The next crash is closer than you think, probably before 2015. The problems of a gambler’s economy.


Can I make a confession, I used to believe that Gordon Brown was the supreme poker player. When he was Chancellor everybody credited him with the virtue of prudence,yet he was a reckless gambler. To give the illusion of prosperity he ruthlessly stoked up the housing price bubble, enabling people to cash in on their rising house prices by borrowing against this increase in the price of their houses. It was a gamblers boom built on the insubstantial shifting sands of cheap money. When the inevitable crash came, it was a surprise to me when it turned out that he was not a gambler but somebody who naively believed that he had achieved a new economic paradigm that is an ever growing economy without the inflationary tendencies of the past.

There is nothing to be gained anymore by going over the details of the 2009 crash, other than to say that the same economists who advised Gordon Brown on his reckless dash for growth are still there at the Treasury. Lord Oakshot the former Lib. Dem. economic spokesperson said the Treasury was staffed by free market fundamentalists. These same people seemed to have persuaded that arch Machiavellian George Osborne to adopt the same strategy as his predecessor. He is rumoured to have said that his help to buy policy will stoke up house prices. He is hoping to create the same illusionary feeling of well being as generated by Gordon Brown.

While there have been some voices of dissent, the same cheer leaders are there in the media, only too willing to cheer on the Chancellor.

However the situation is very different to the one that existed in 2008/9. Then government debt was at its lowest recorded level of just over 40% of GDP, whereas the now it is expected to rise to 97% of GDP. George Osborne will not be the beneficiary of the benign economic circumstances that existed prior to 2008. Rather than history repeating itself as farce, it will repeat itself as tragedy.
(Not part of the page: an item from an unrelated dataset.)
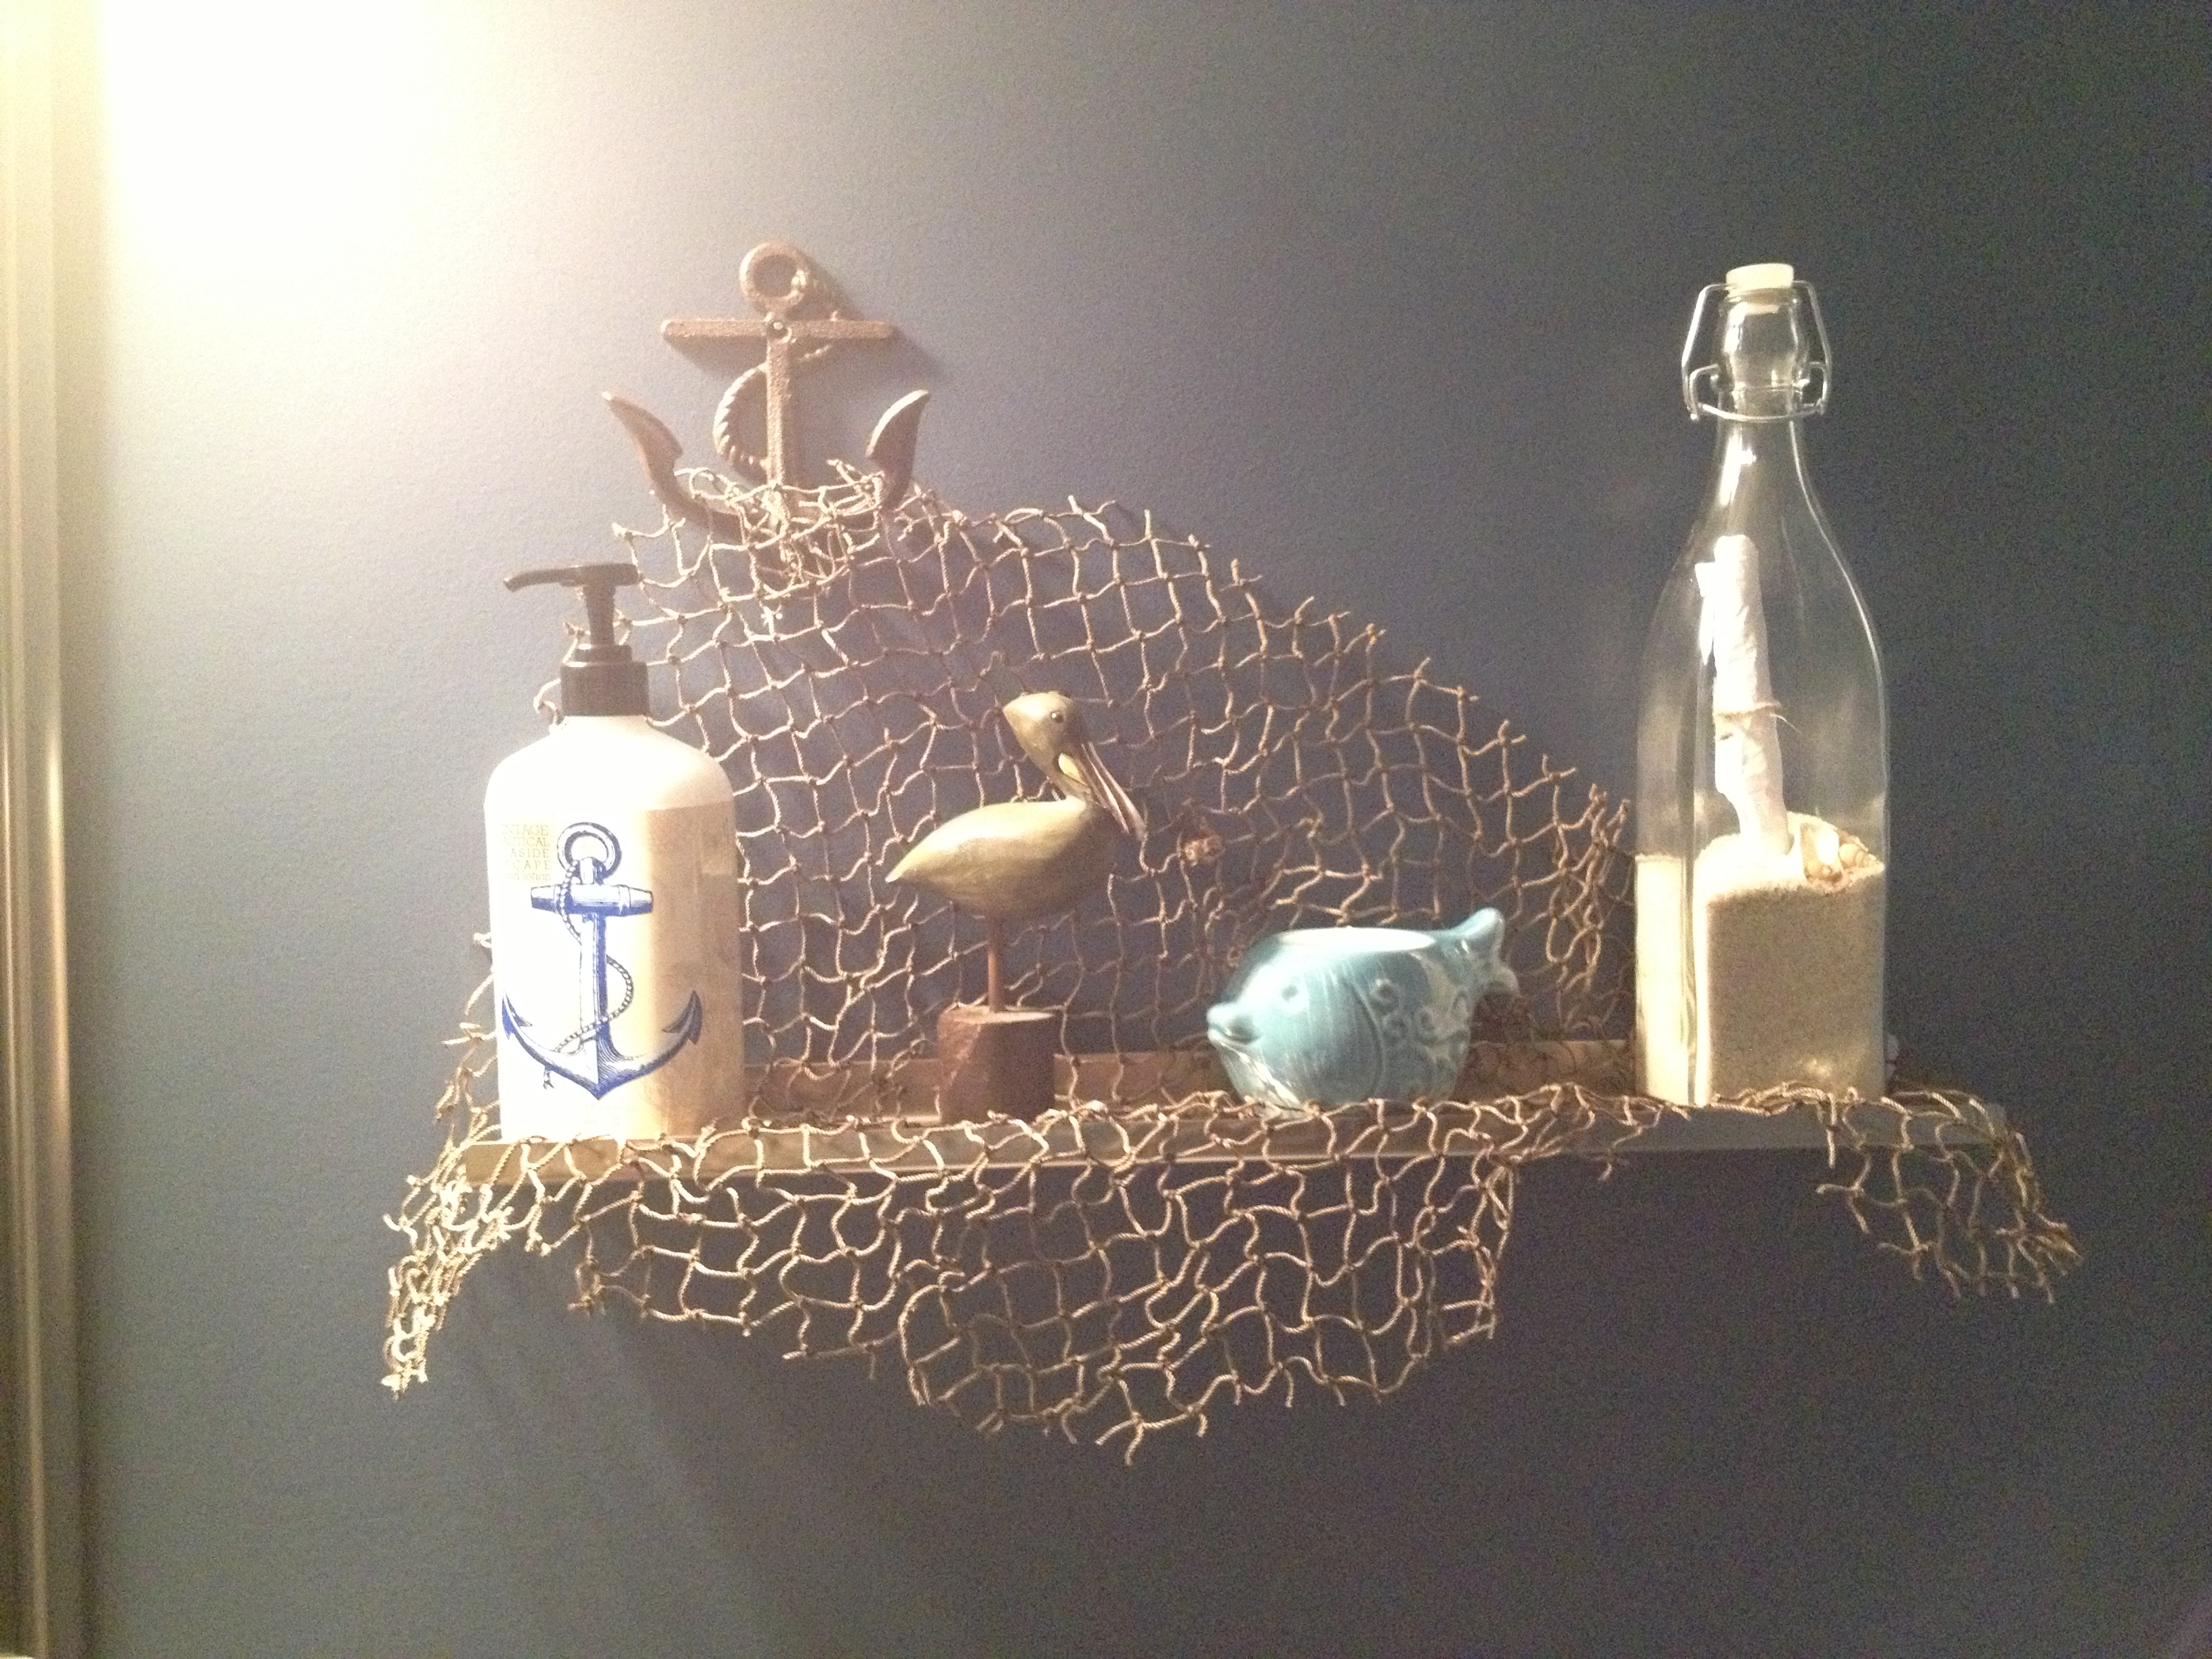 nautical bathroom decor cute shelf decor for a nautical bathroom! make sure you put a real LESWWSX
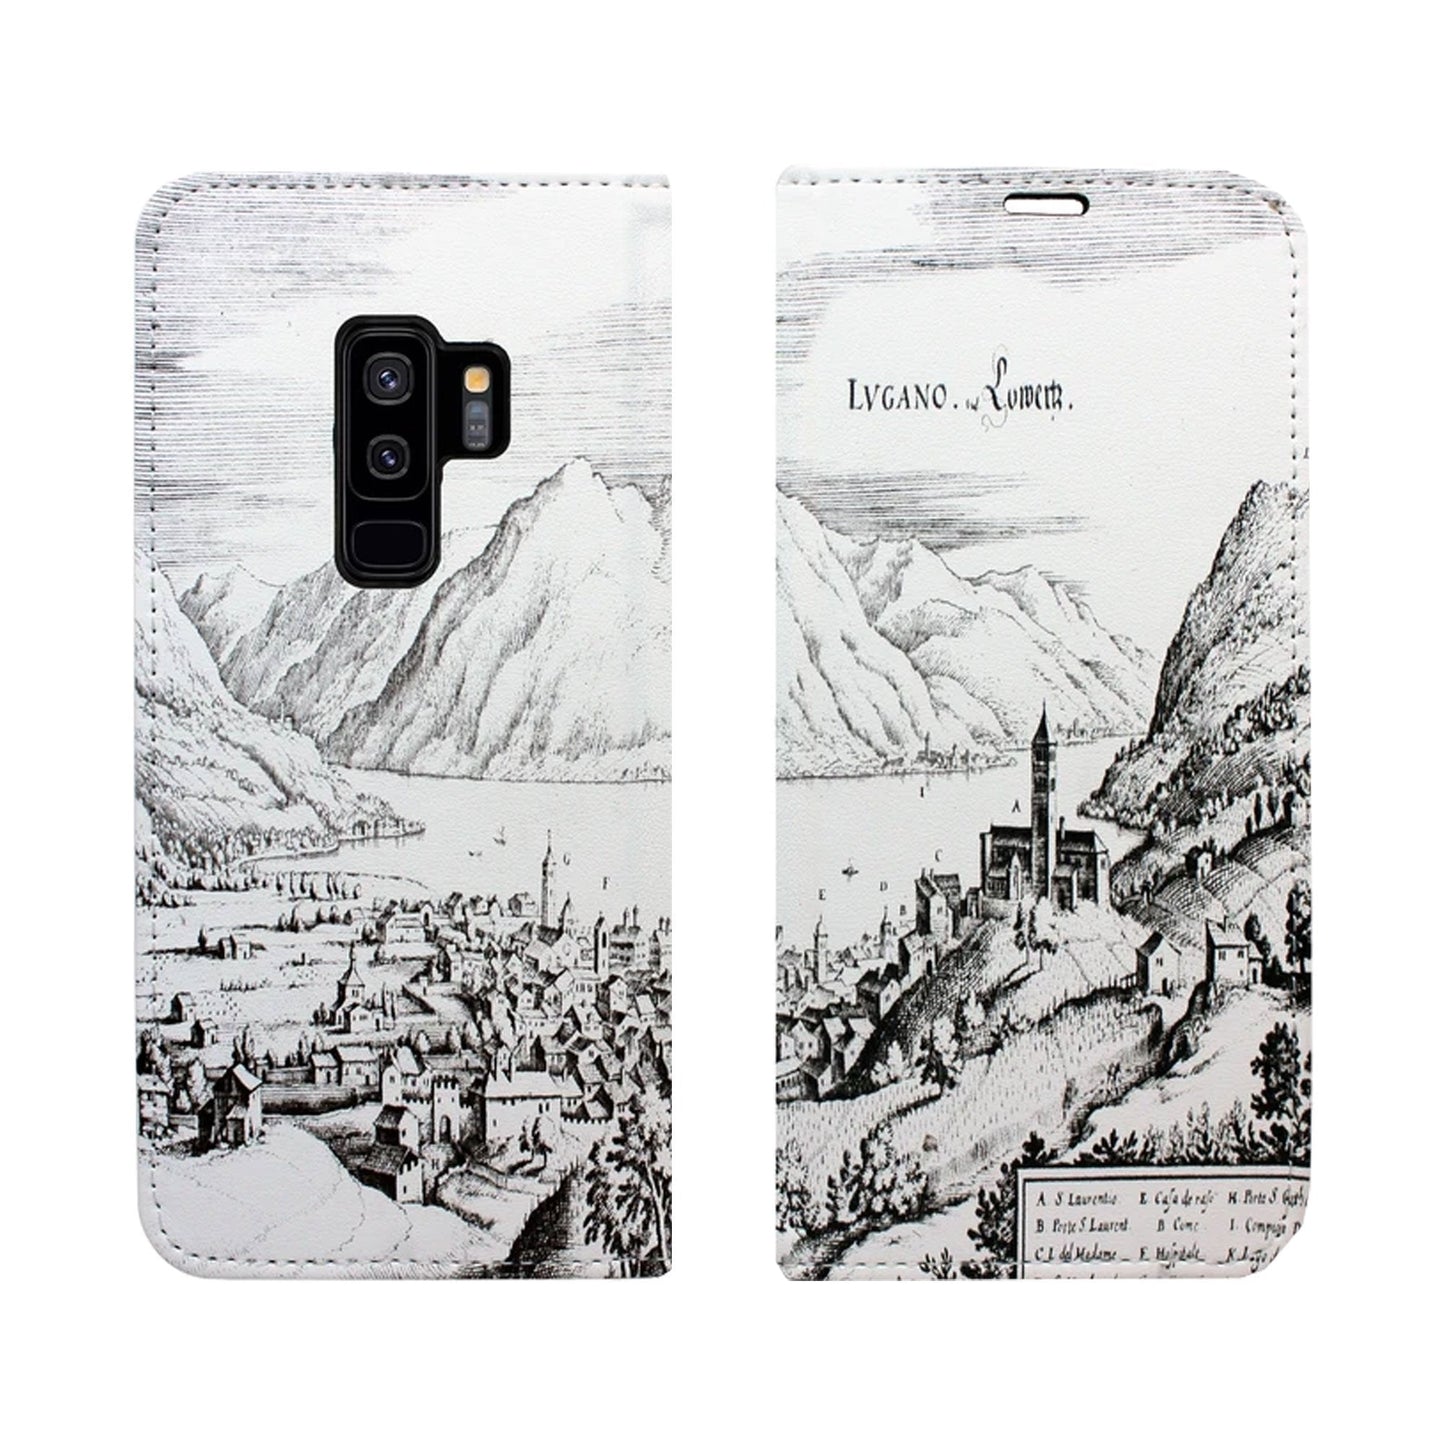 Lugano Merian Panorama Case für iPhone und Samsung

There are a number of icebergs that can easily wreck this recovery. Personal debt in the UK totals £1.4 trillion (The Guardian, 20th Nov. 2013), which in is about equal in size to the national economy. Britain has not recovered from its addiction to debt. This leaves the recovery likely to be derailed by any increase in interest rates. For such a debt addicted nation any increase in interest rates from its current low levels will be disastrous. There will be a crash in consumer spending and the economy will be forced back into recession.

Economists in the City and elsewhere believe an increase in interest rates from their current low levels is inevitable in the near future.

Britain’s trading account with the rest of the world is dangerously unbalanced. There has been no hoped for boom in the export trade to drive recovery. Instead for a fragile economy such as the UK it is the most dangerous type of recovery, a debt laden consumer boom which will only suck in more imports worsening our balance of trade. In a report made by the European Commission (The Daily Telegraph, 20th November, 2013) the U.K.’s current account deficit will rise to 4.4% by the end of 2014, the highest for any industrialised country. The only weapon in the government’s armoury to reduce the trade deficit, is to cut demand by raising interest rates. Obviously that won’t happen immediately, the Chancellor instead is closing his eyes to the problem and hoping for a miracle, which won’t happen. The only question outstanding is when the rates will rise and that is out of the hands of the Chancellor.

The IMF called Britain the world’s largest tax haven. Britain has always been the repository of the world’s hot money, that is footloose money deposited for short periods of time, wherever it can earn the best returns. London is at the centre of a web of tax havens located in former British colonies or dependencies. Part of these vast sums banked in London are recycled to pay our debts. While the world is willing to use London as its banker, the trade deficit is no problem. However it is an extremely unstable situation, as Britain borrows short and lends long, which is very profitable while it lasts, but is liable to upset if the foreign depositors develop doubts about the stability of the British economy. Such doubts might occur if interest rates rise or if Britain continues on its path to exit from the EU. With Britain borrowing short and lending long there will be difficulties in meeting the demands for repayment. Given all the billions that reside in the City of London it will require the biggest ever IMF loan to cover our debts. A loan that will only be given if Britain embarks on a Greek or Irish style austerity programme.

In the Middle Ages there was a popular topic for for painters ‘The Ship of Fools’, this ship was populated by the dignitaries of the time, bishops, popes and crowned heads of state. Today that ship would be populated by economists, treasury officials and government ministers.

CAUTION. Whenever an economist makes a prediction about future events , what they are predicting is either a possibility or a probability. I fear my predictions are a probability rather than a possibility. I hope that a fit of caution overtakes the British establishment and that they call a halt to this potentially dangerous property boom. Caution may take the form of George Carney the newly appointed Governor of the Bank of England, who has promised to take action to rein in any property boom. However he will be fighting against the ingrained instincts of the political establishment who prioritise wining an election over any other policy considerations.